▸ Exercise objective: Skip the pictures and copy all the data that follows exactly.

▸ The data:

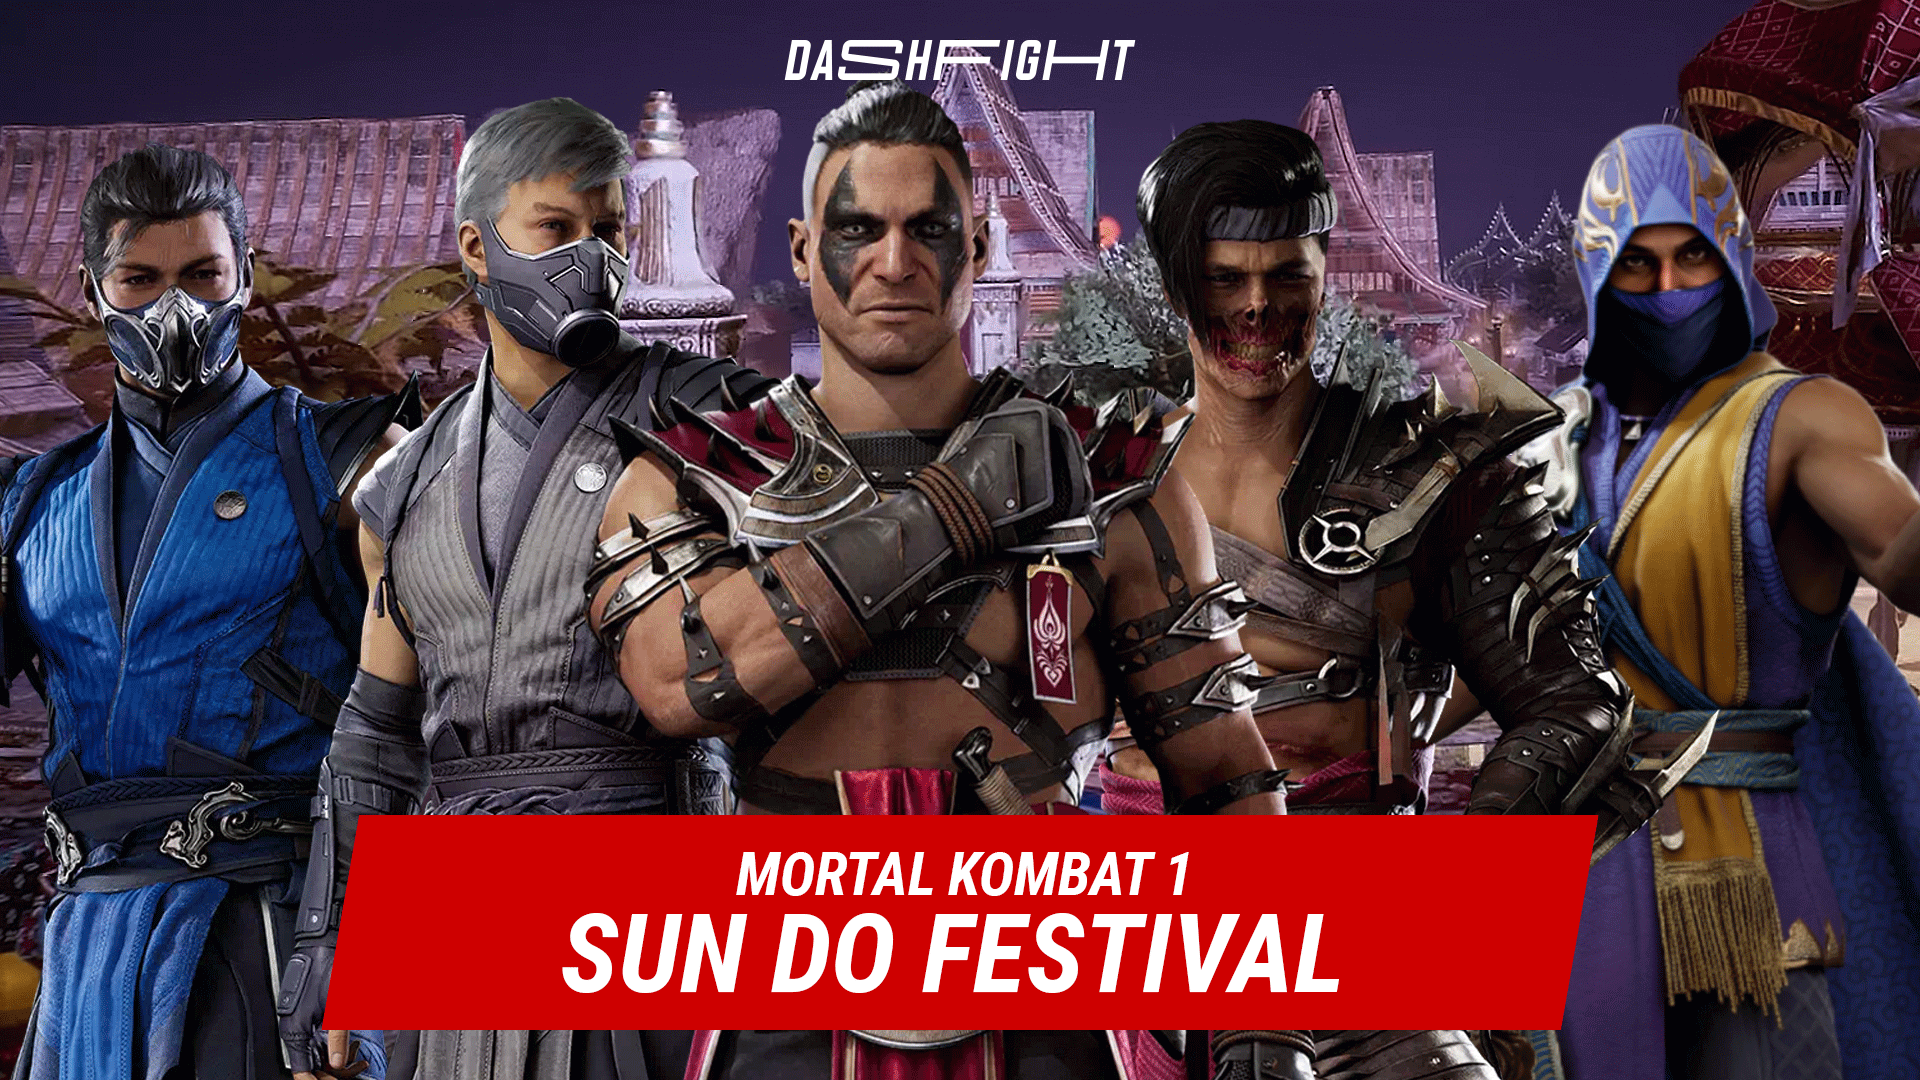  The MK Fatality Fest, Part II
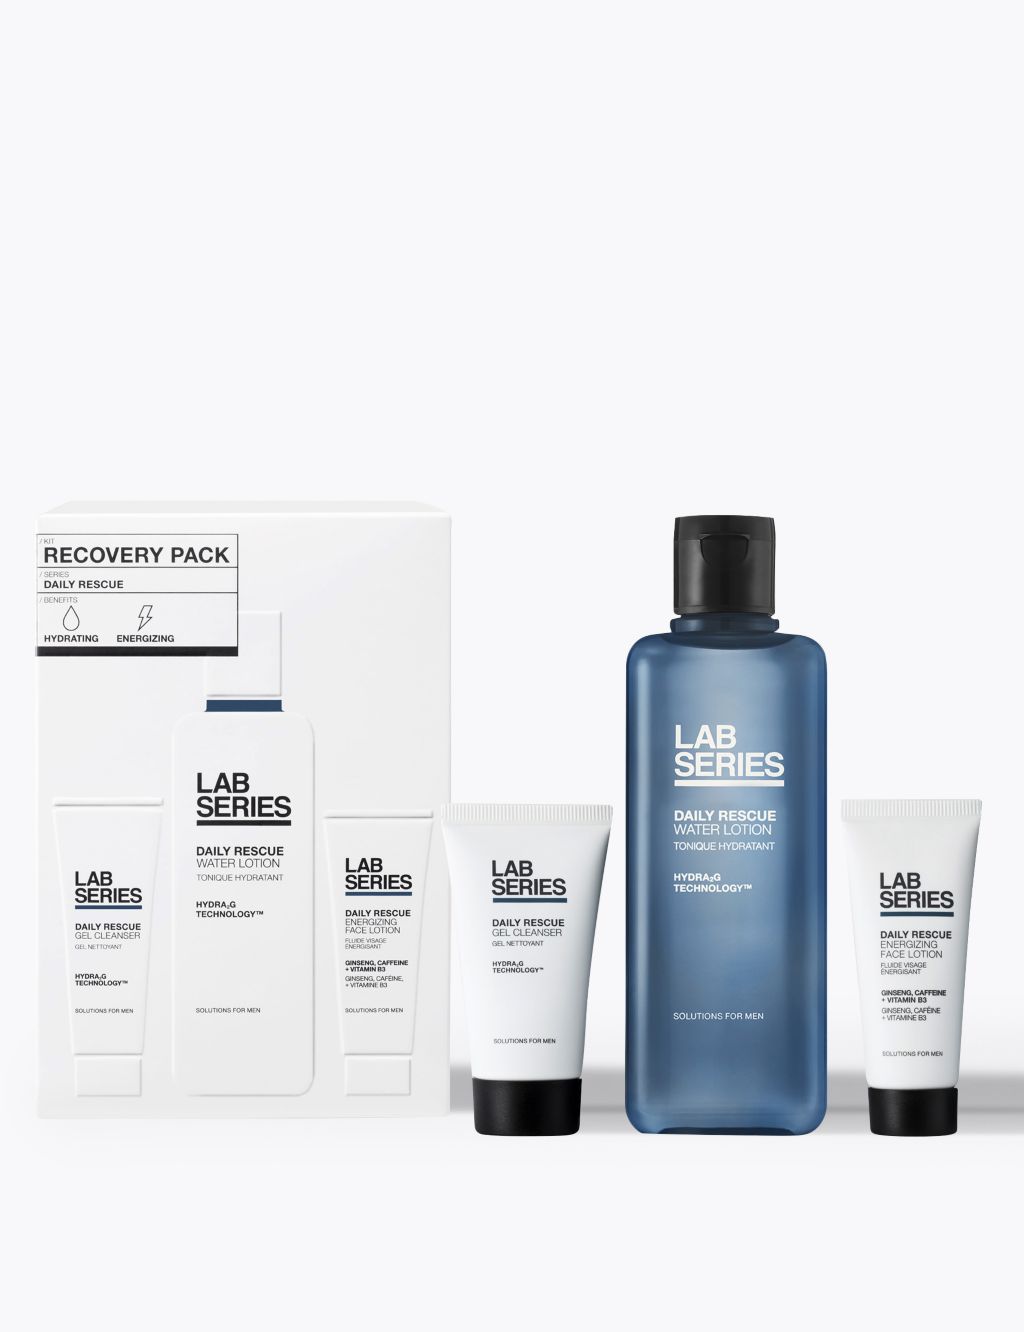 Recovery Pack Daily Rescue Gift Set
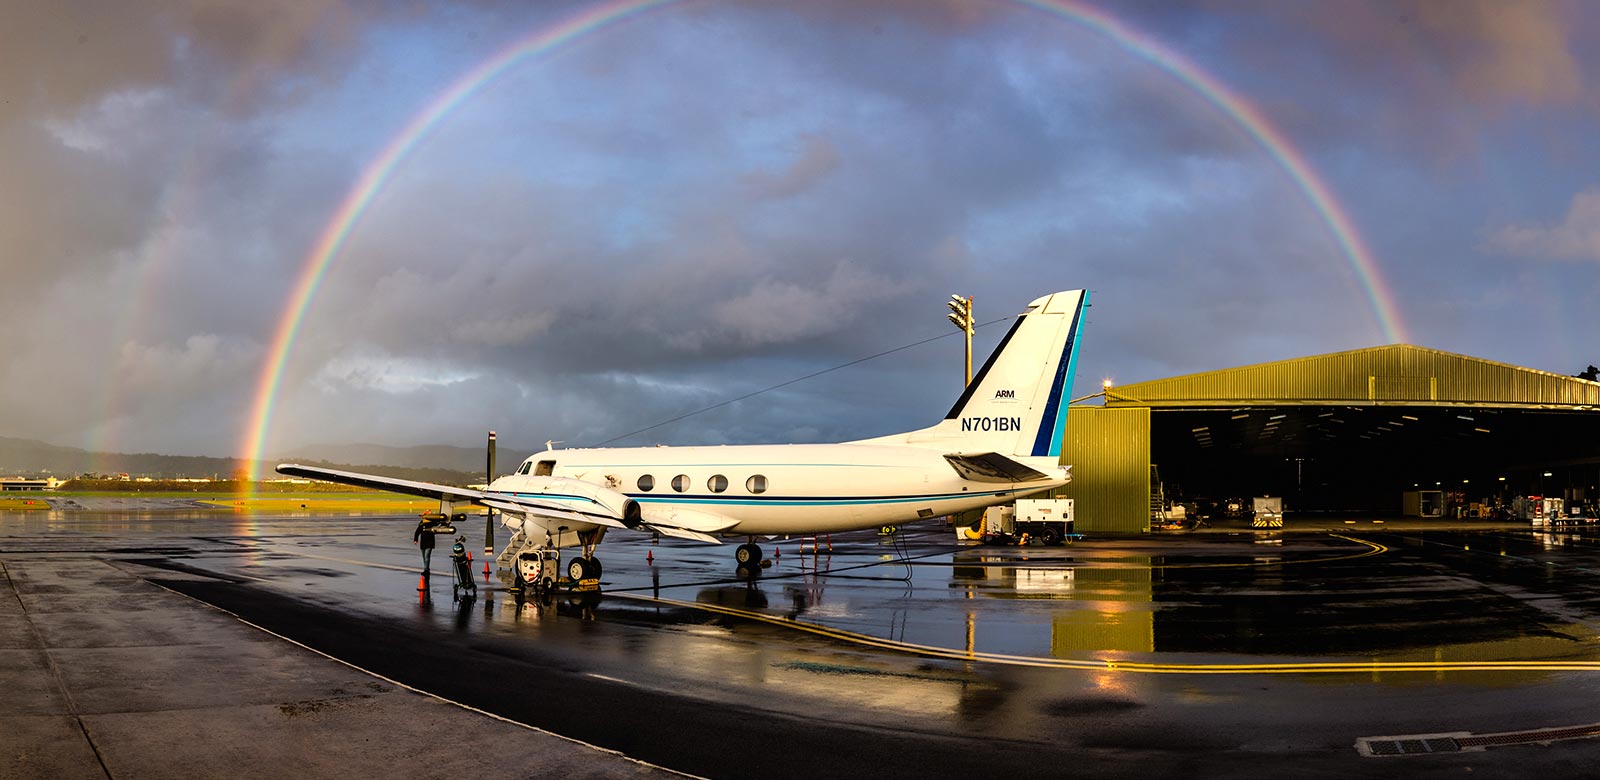 photo of Gulfstream-159 (G-1) research aircraft
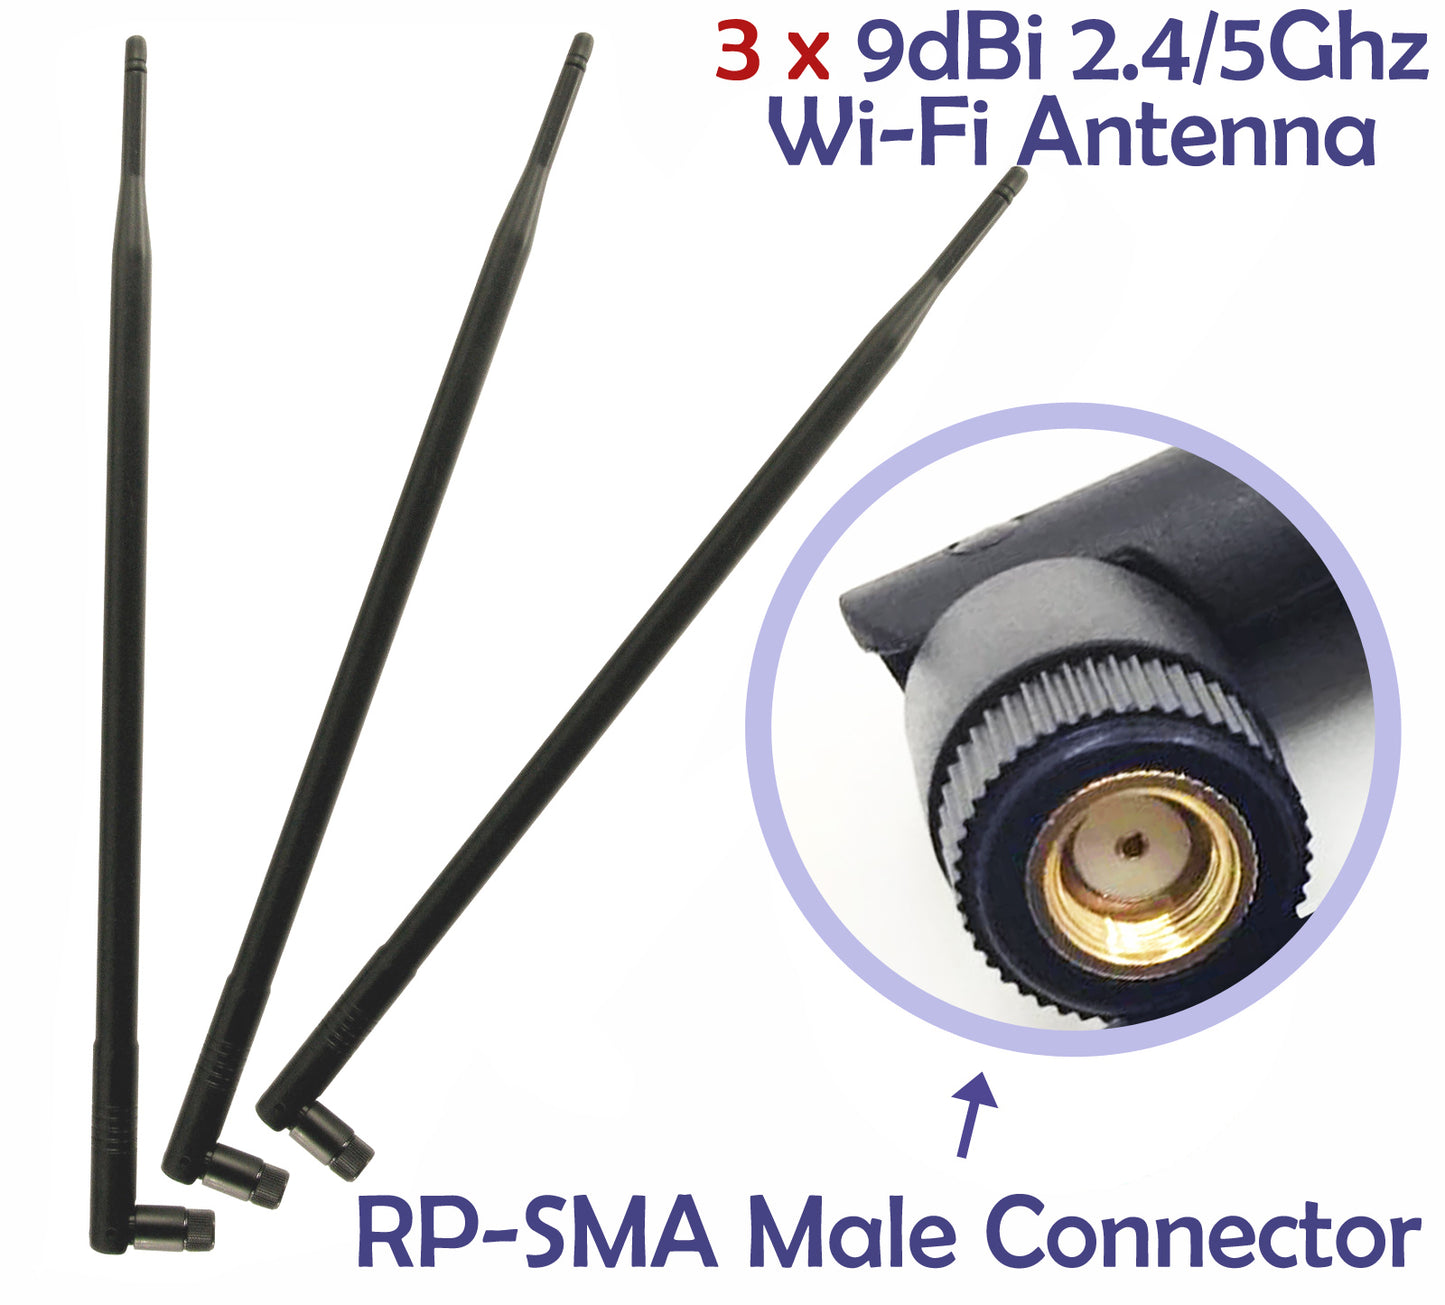 3 WiFi 9dBi Dual Band Omni Directional Antenna 2.4Ghz/5Ghz with RP-SMA Male Connector for Wireless Wi-Fi Router and Network Devices

▸ Expected answer:
  The MK Fatality Fest, Part II
 Recovery Pack Daily Rescue Gift Set
 photo of Gulfstream-159 (G-1) research aircraft
 3 WiFi 9dBi Dual Band Omni Directional Antenna 2.4Ghz/5Ghz with RP-SMA Male Connector for Wireless Wi-Fi Router and Network Devices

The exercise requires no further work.